Amitava Kumar writes: On a September evening in 1987, Navroze Mody, a thirty-year-old Indian man living in Jersey City, went for drinks at the Gold Coast Café, in Hoboken. Later that night, after he left the bar, he was accosted on the street by a group of about a dozen youths and severely beaten. Mody died from his injuries four days later. There had been other attacks on Indians in the area at that time, several of them brutal, many of them carried out by a group that called itself the Dotbusters—the name a reference to the bindi worn by Hindu women on their foreheads. Earlier that year, a local newspaper had published a handwritten letter from the Dotbusters: “We will go to any extreme to get Indians to move out of Jersey City. If I’m walking down the street and I see a Hindu and the setting is right, I will hit him or her.”

When I first read about the attack on Mody, I had only recently arrived in the United States. I was a young graduate student at Syracuse University then, and although the news alarmed me I wasn’t fearful. In those days, distances felt real: an event unfolding in a city more than two hundred miles away seemed remote, even in the imagination. I might have worried for my mother and sisters, who wore bindis, but they were safe, in India. Whatever was happening in Jersey City, in other words, couldn’t affect the sense that I and my expat friends had of our role in this country. The desire for advancement often breeds an apolitical attitude among immigrants, a desire not to rock the boat, to be allowed to pass unnoticed. Since 1965, when Lyndon B. Johnson signed the Immigration and Nationality Act, abolishing the racist quotas of the nineteen-twenties, our compatriots had been bringing their professional skills to America. If we didn’t hope to be welcomed, we at least expected to be benignly ignored.
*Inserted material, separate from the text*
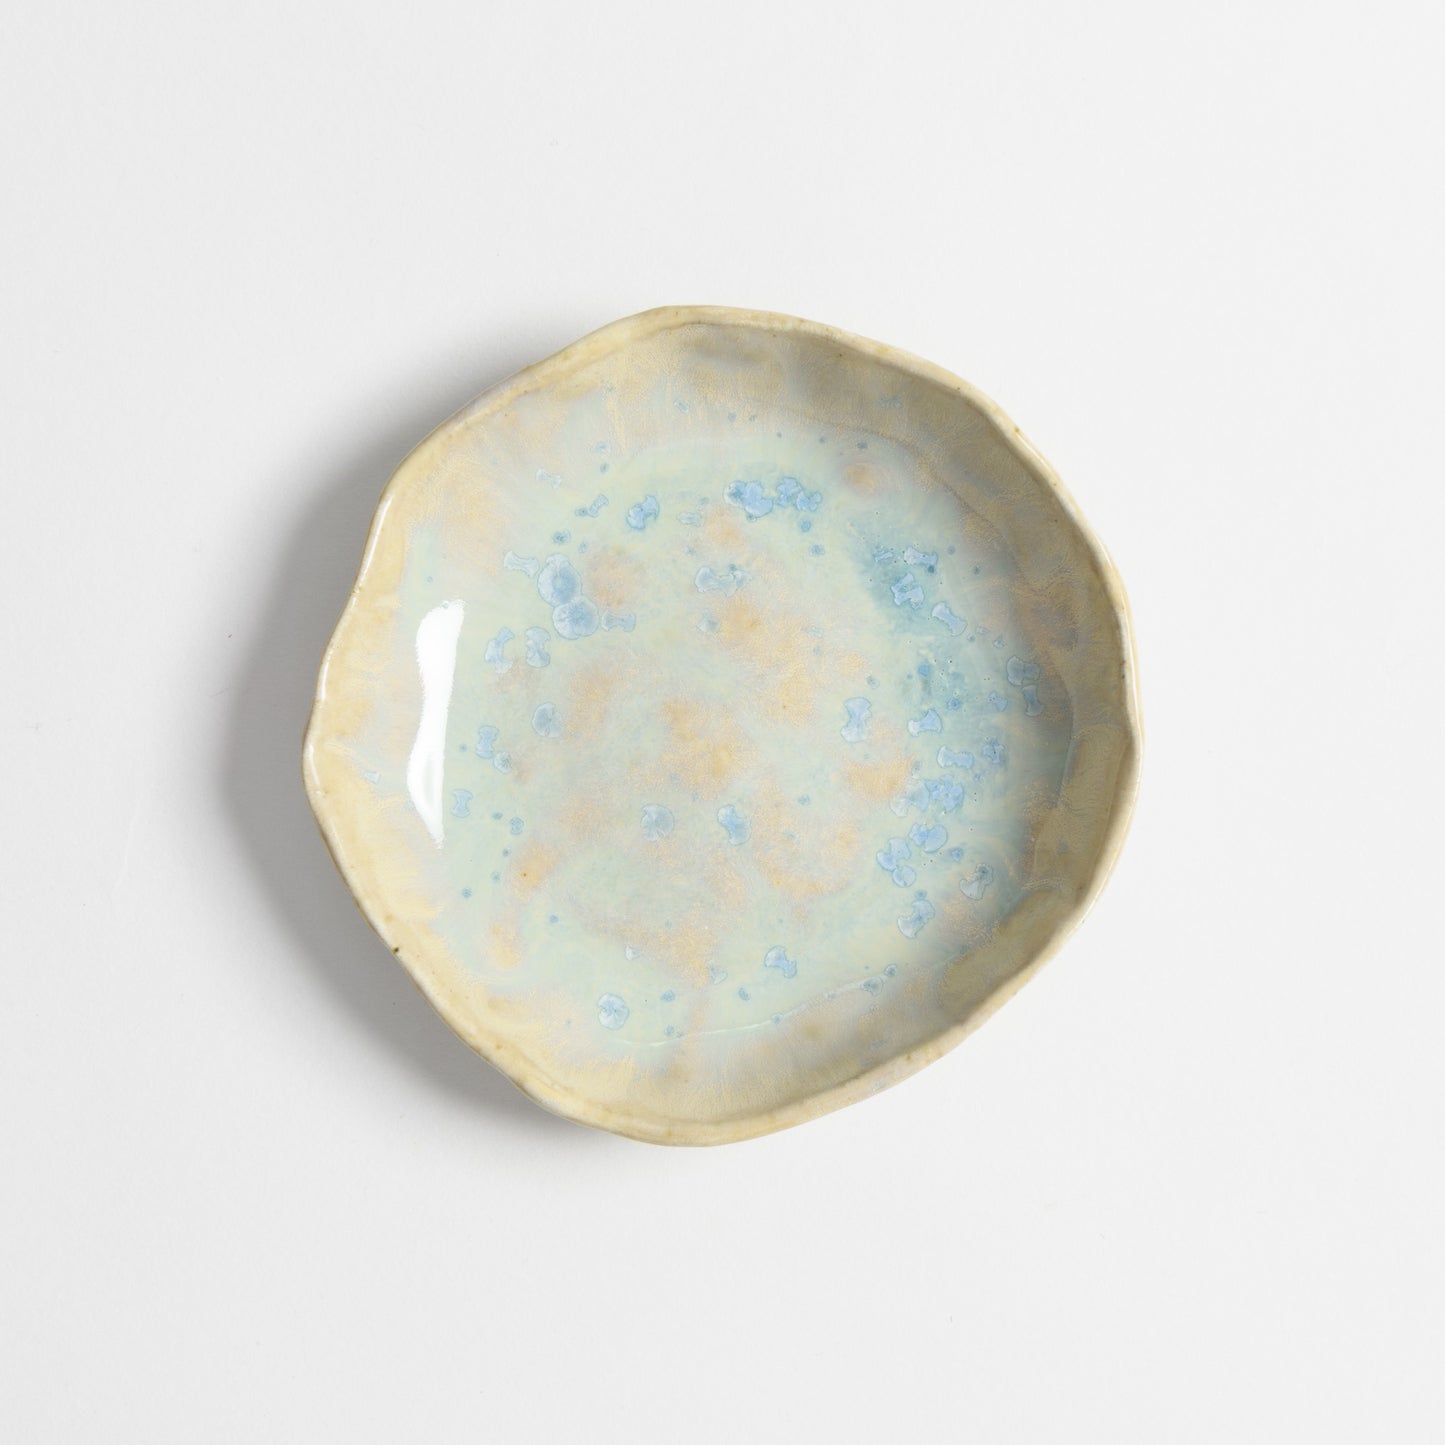 Jewellery Dish - Mermaid Opal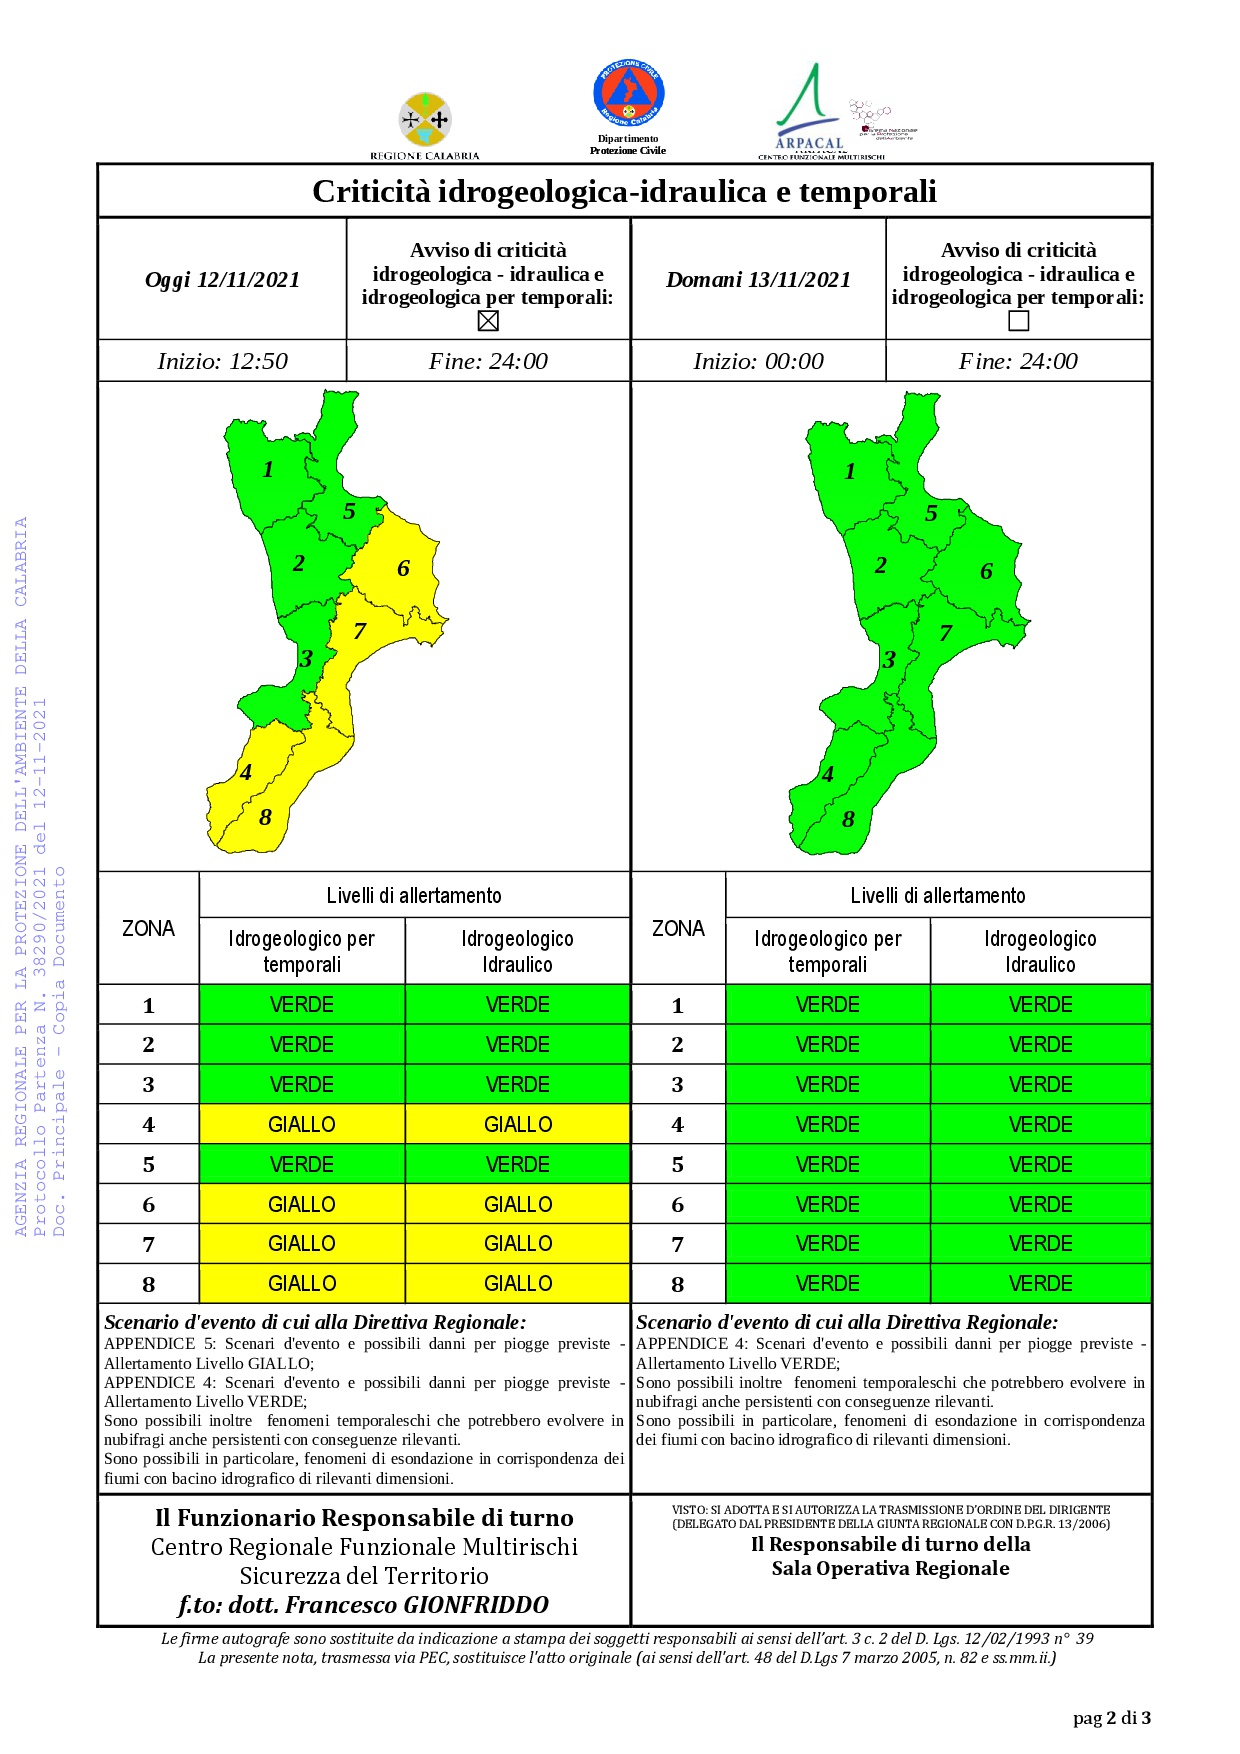 Criticità idrogeologica-idraulica e temporali in Calabria 12-11-2021

A lot has happened in the long interregnum. Indian-Americans have the highest median income of any ethnic group in the United States. There is a greater visibility now of Indians on American streets, and also of Indian food and culture. I’ve seen the elephant-headed deity Ganesha displayed all over America, in art museums, restaurants, yoga centers, and shops, on T-shirts and tote bags. The bindi isn’t the bull’s-eye it once was. But the bigotry, as we have witnessed in 2017, has not gone away. [Continue reading…]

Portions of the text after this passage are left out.